Sekh Subakir masih tetap meneruskan cerita kisah – kisah jangka tanah Jawa yang dinilai teramat penting itu.
“Setelah itu datanglah orang – orang Prenggi menguasai Tanah Jawa. Sedangkan orang Jawa besok diboyong ke Prenggi, dalam setiap tahunnya 1.000 orang. Jawa dikuasai orang Prenggi selama 30 tahun.
Lantas besok sultan kerajaan RUM mengirirm utusan untuk menolong tanah Jawa menggempur orang – orang Prenggi. Beberapa utusan ( pasukan) dari negara RUM berlayar datang ke Jawa untuk memerangi orang – orang Prenggi ITU. Maka lenyap dan habislah semua orang Prenggi. Maka keturunan Raja Waringin Rebah menjadi Raja Jawa yang beribukota diMajapahit. Raja ini berkuasa selama 39 tahun. Sudah genaplah umurnya tanah Jawa, gunung – gunung meletus hancur lebur berterbangan, maka api berkobar menjilat – jilat menyala dimana – mana. Gemblegar suara gunung, gemuruh sangat menakutkan, tiada tempat berlindung bagi penghuninya. Gunung TIDAR mengeluarkan air bah, hancur dan lenyaplah pulau Jawa dari permukaan bumi, tenggelam oleh air bah dan rata dengan lautan.

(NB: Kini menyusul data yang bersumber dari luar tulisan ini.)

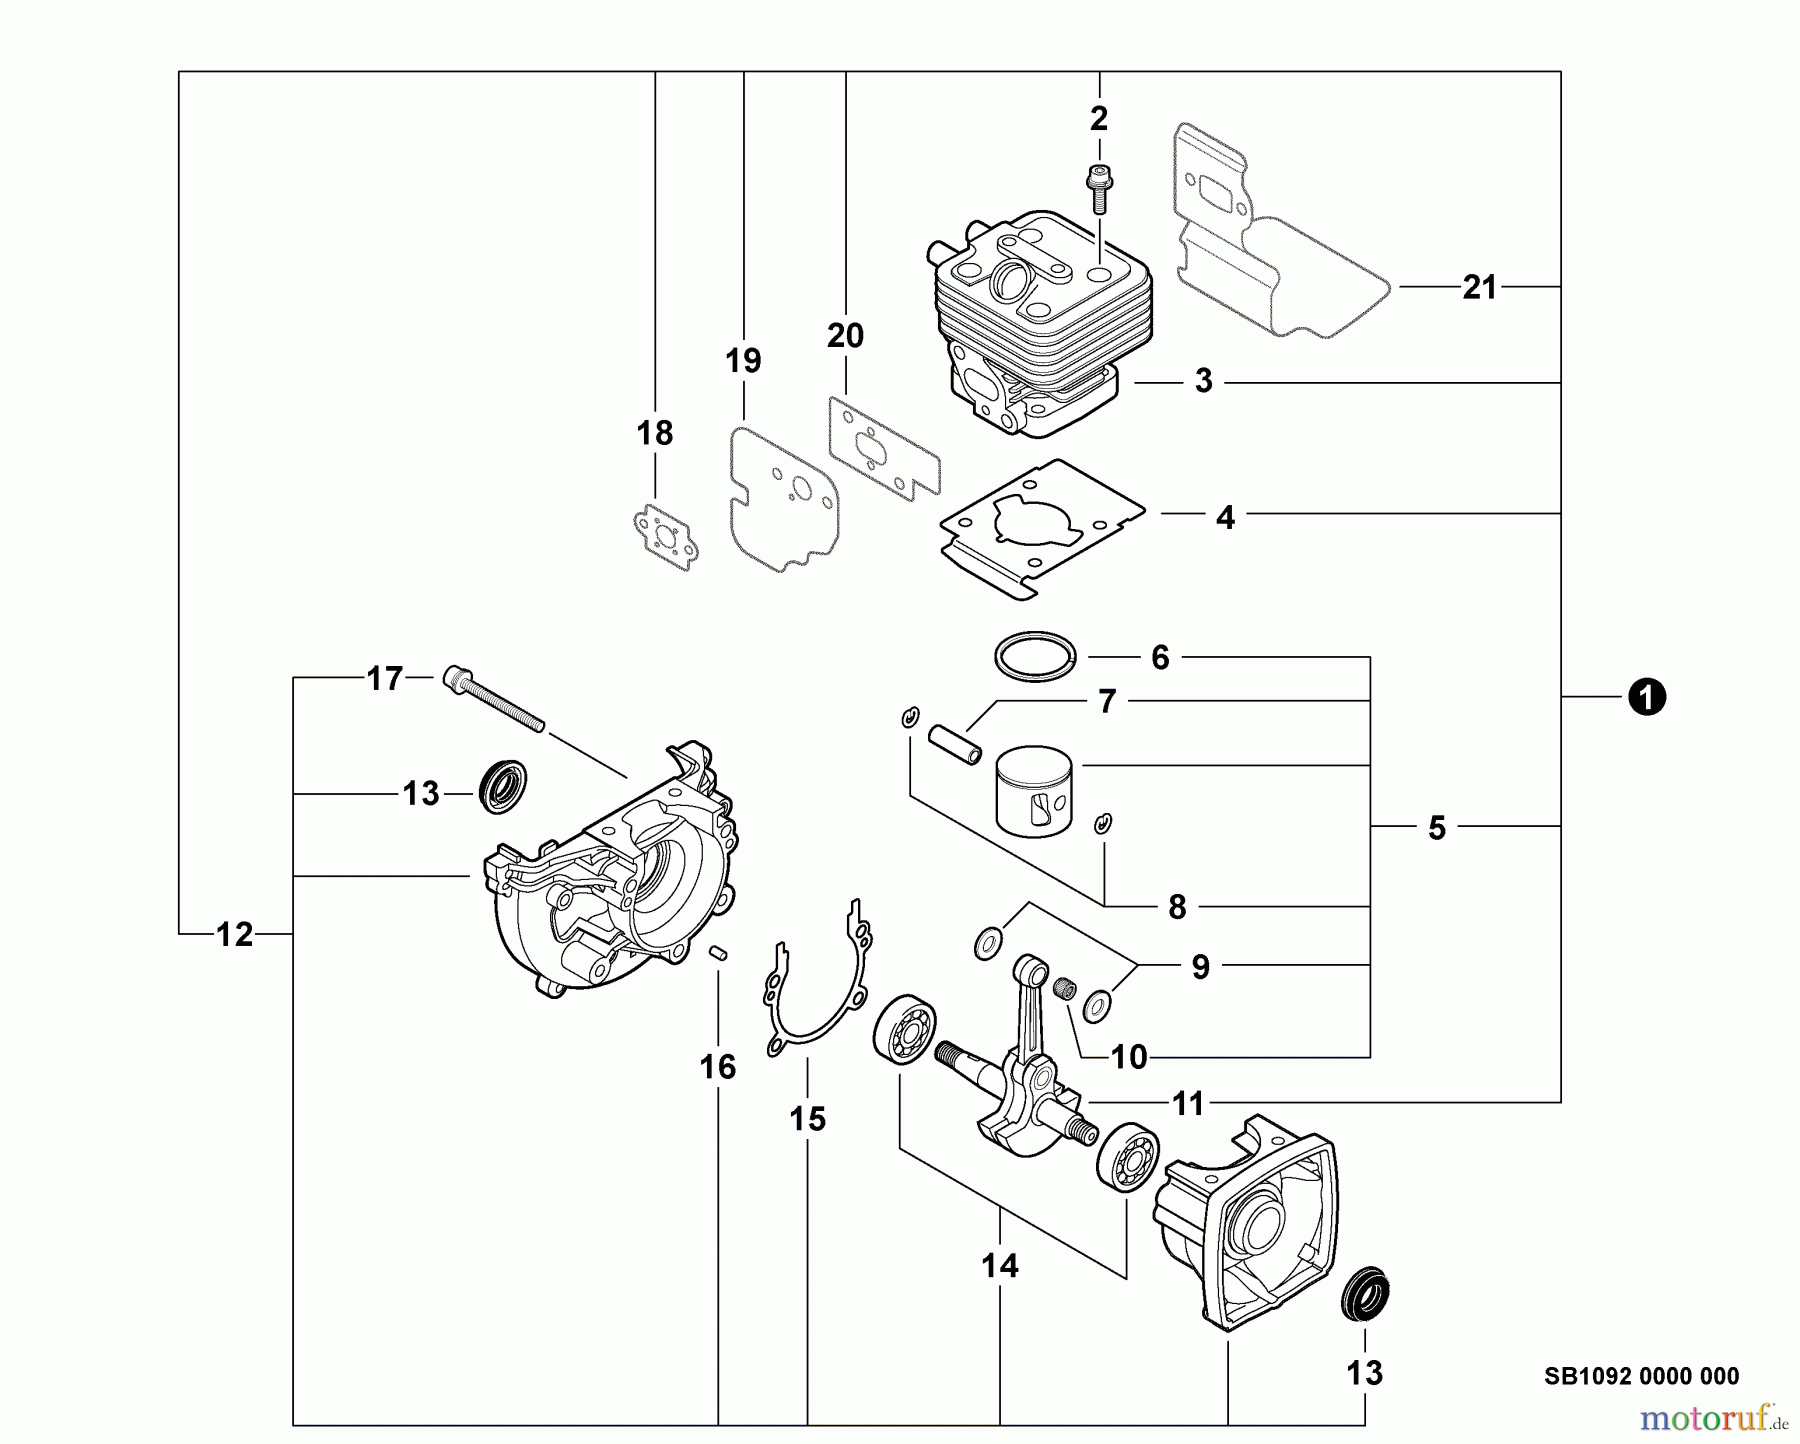  Echo Bläser / Sauger / Häcksler / Mulchgeräte	 PB-255LN - Echo Blower/Vacuums, S/N: P35213001001 - P35213999999 Engine, Short Block -- SB1092

Ki Semar dan Ki Togog tetap seksama mendengarkan jangka (ramalan) tanah Jawa dari Syekh Subakir.
“Ki Semar dan Ki Togog …! Telah habislah ceritaku mengenai riwayat tanh Jawa ini. Wahai Kisanak …! Aku akan pulang ke RUM, masa bodohlah dengan masa yang telah lalu, manusia sudah banyak di tanah Jawa ini. Wahai kisanak engkau rawatlah setelah kepergianku. Ingat – ingatlah pesanku dan laksanakanlah!
Ki Semar dan Ki Togog pasrah saja dengan apa yang telah dikatakan padanya.
Setelah berkata demikian Syekh Subakir meninggalkan Semar dan Togog, mereka berdua mengantarkan Syekh Maulana Subakir sampai ke pantai.
Sang pendeta RUM itu talah berlayar menuju negerinya, kembali ke tanah airnya.
Dua leksa orang kepala keluarga itu mewarnai tanah Jawa nan subur, dengan kiprahnya, telah membuka hutan dan sudah menjadikannya sawas – sawah, lading dan pemukiman.
Sang Semar menjadi tua, jika berkumpul dengan manusia, berkumpulnya dengan manusia atau orang – orang yang besar ( maksudnya pembesar/pemimpin atau penguasa, yaitu manusia yang dihormati banyak orang, diikuti kehendak atau keinginannya dan di turut perkataanya).
Para Raja yang dibimbingnya tidak mau menghalangi apa saja yang dikehendaki Sang Hyang berdua.